Code style consultation: Should we strive to avoid code duplication?

Should we strive to avoid code duplication when defining a function with multiple methods if they have similar code?

Specifically, for the following function with two methods, should we combine them into a single method?

function myfun(arg::Type1)
    # Common code 1
    # Special code 1 for `arg::Type1`
    # Common code 2
    # Special code 2 for `arg::Type1`
    # ...
end

function myfun(arg::Type2)
    # Common code 1
    # Special code 1 for `arg::Type2`
    # Common code 2
    # Special code 2 for `arg::Type2`
    # ...
end

Should we keep them separate but with many duplicated snippets or combine them into the following single method:

function myfun(arg::Union{Type1, Type2})
    # Common code 1
    if arg isa Type1
        # Special code 1 for `arg::Type1`
    elseif arg isa Type2
        # Special code 1 for `arg::Type2`
    end
    # Common code 2
    if arg isa Type1
        # Special code 2 for `arg::Type1`
    elseif arg isa Type2
        # Special code 2 for `arg::Type2`
    end
    # ...
end

Thanks!

The usual way I tackle this is to use solution 1 both with functions having the common codes into them so that you don’t repeat the common parts (apart from a one-line function call)

1 Like

Yes, you should always strive to avoid code duplication. The solution I use is to define a new function that contains the common code that is then called by both of your functions. The principle I use is: if a piece of code can be used in at least two points in your code base, this piece of code should already be a function.

12 Likes

Although it sounds very comforting to do so, what do we ultimately gain from it, except for making the code more fragmented and expending more mental effort? Can it achieve better runtime efficiency?

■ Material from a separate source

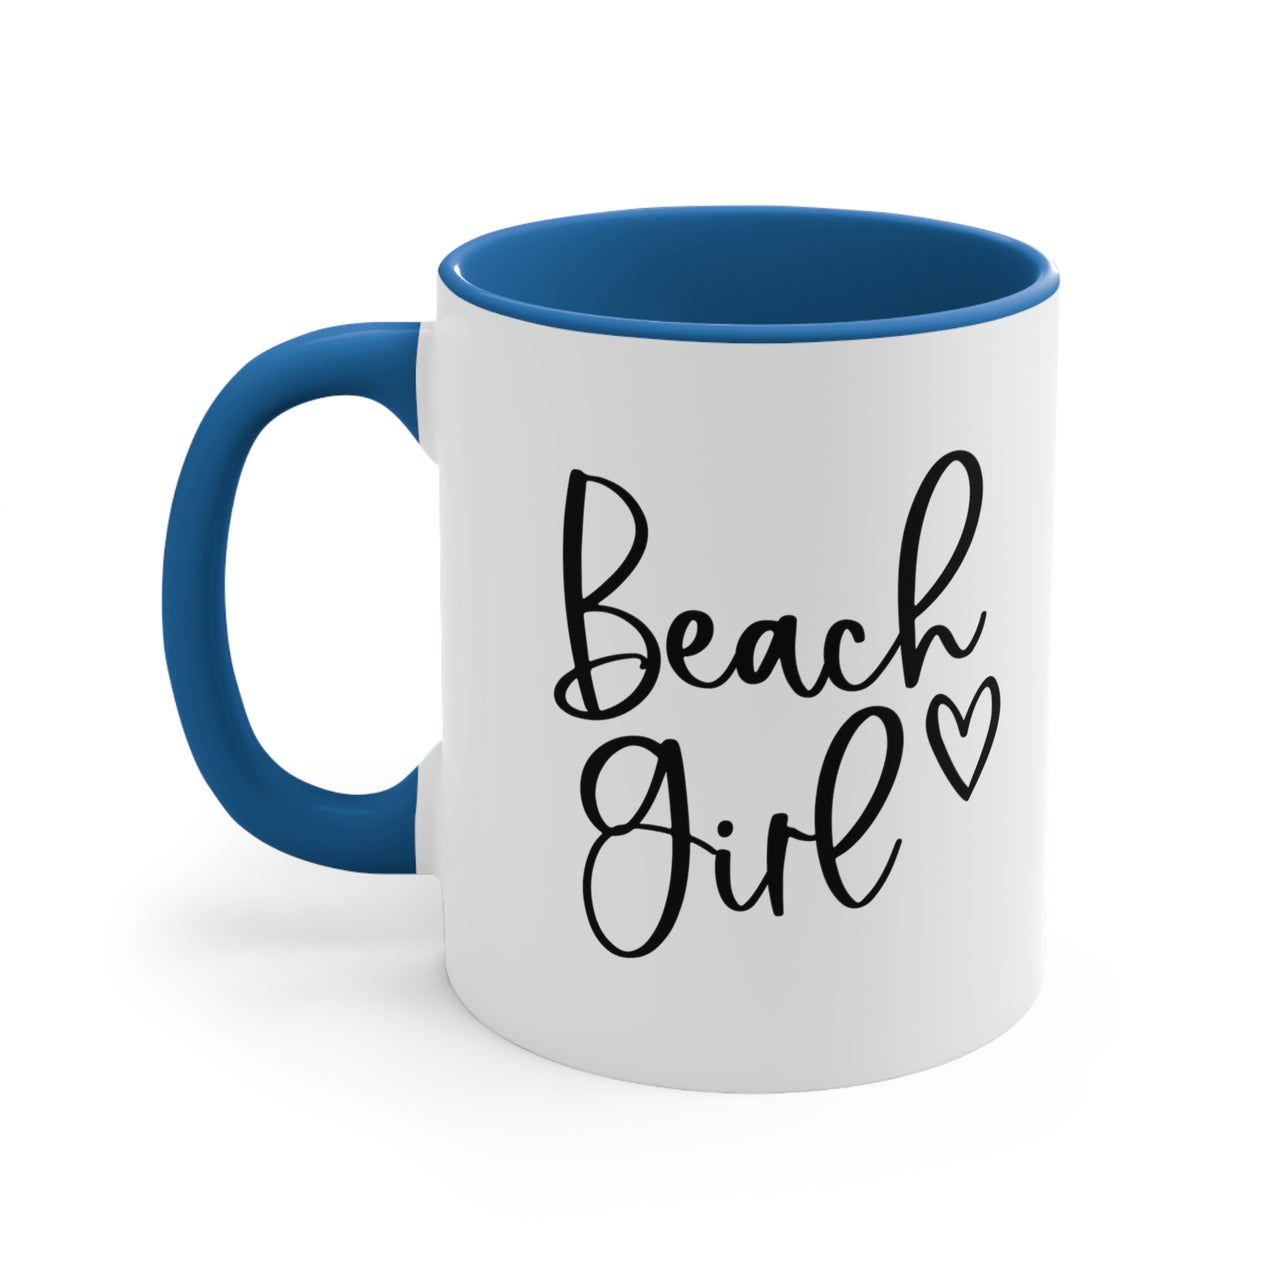 Beach Girl Ceramic Coffee Mug, 5 Colors Mugs New England Trading Co Light Blue

As pointed out by Datseris, here is the possible way to go

function common1()
# common code 1
end

function common2()
# common code 2
end

function myfun(arg::Type1)
    common1()
    # Special code 1 for `arg::Type1`
    common2()
    # Special code 2 for `arg::Type1`
    # ...
end

function myfun(arg::Type2)
    common1()
    # Special code 1 for `arg::Type2`
    common2()
    # Special code 2 for `arg::Type2`
    # ...
end

Overall, I like multiple dispatch more than if-else structure.

7 Likes

It effectively creates a function barrier which is a common technique to avoid type instability.

2 Likes

No, runtime will be identical (EDIT: provided your code was optimal to begin with). You will gain mental effort though, because you have less code over all, a better organized code, and a code that is much easier to debug, because if your “common code” was bugged, in your approach you’d have to debug it two times. It also makes the code more readable and easier to teach to new contributors, provided you learn to name the functions effectively (advertisement: GitHub - JuliaDynamics/GoodScientificCodeWorkshop: A workshop on writing good scientific code. )

6 Likes

I actually prefer the inverse approach here:

function special1(arg::Type1) end
function special2(arg::Type1) end

function special1(arg::Type2) end
function special2(arg::Type2) end

function myfun(arg)
  # common code 1
  special1(arg)
  # common code 2
  special2(arg)
end

Not a major point but this way myfun is kept entirely generic.

ETA: this also means that you only need define special1/special2 for any new types.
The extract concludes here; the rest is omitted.